Death-infrastructures burn baby’s motive to Delight as soon as needles pierce poison to innocent Heart-blight more Dark into murder’s eyes, yet the best language is, not to learn at all, just so intellectual barbarians can censure whatever Delight we, Child-art heartened bring, to lose.
We speak in code to beat the last, the narrow shoes of words that cut so deep, when wailing rage never works in Death of Deaf Matrix, to March-mid harsh-winds of Time’s chagrin in slanting eyes, your alley cats.
Everywhere big buildings cast tall shadows, pinches nerves in monster swallows, and so it is with Death’s intention to prove outside, what you do with needles. We bring Light from Love-authentic, yet all you see is Dark reflecting back-in-kind to show in evil-mirrors your ‘best’ sex-infested Matrix.
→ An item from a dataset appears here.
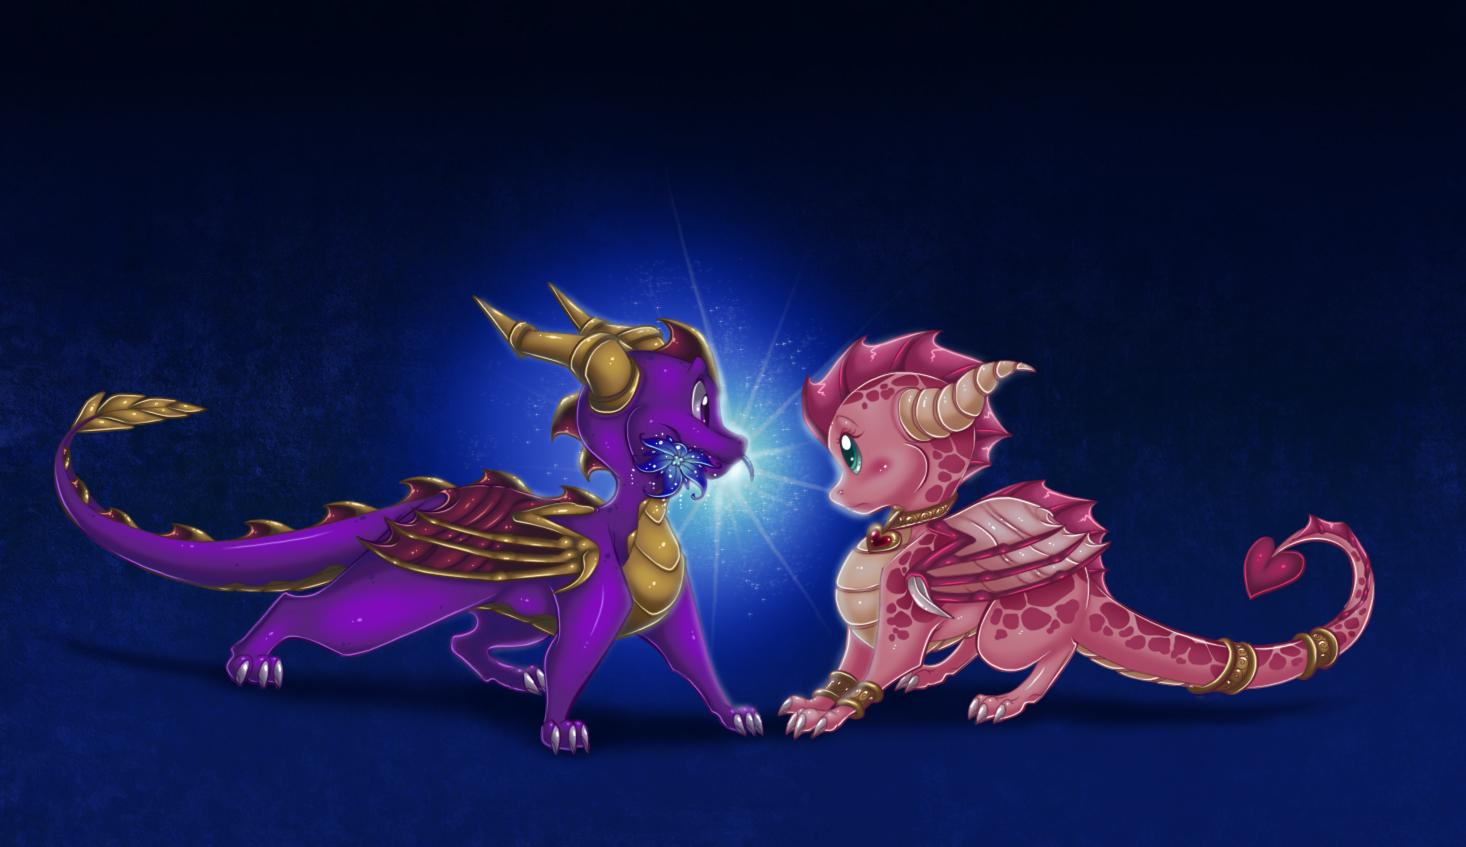 Spyro The Dragon The Legend Of Spyro Zerochan Anime Image Board

We set our Delight deep inside our first handlers, right up to prison where teachers blind us, so after War-infested Matrix, marriage makes us sleep until we, Children fail to member. This Earth is where we, children die, and learn to die with a smile on slaves of the Dark that blame us, and when, even thirst is another chance to kill us, we die of thirst on a planet full of Love-ocean’s water.
We bring Light where blind souls rob us, bring Delight no matter what kidnaps our Brilliance, yet you exclaim the ‘victims’, that blame ‘us’, for not fitting in the language-naps Marching fast asleep that kills you. Murder is your best last habit, stepping in our enlightening storms to let you know how you look to our Tornado-need to Torpedo-light ungrave-save you.
We unlearn Delight in favor of Death’s Matrix to respond-in-kind as long as you can kill us, but when we leave home to show how you look to us, we keep coming back like your busted language that, still devours us. Blackmail-books never made a baby last long, with all the grades that judge Light, as if we were your worst poison, so look long, and hard at Burro beasts of Burden-children, for you are our Butt-target to rob Dark’s poison.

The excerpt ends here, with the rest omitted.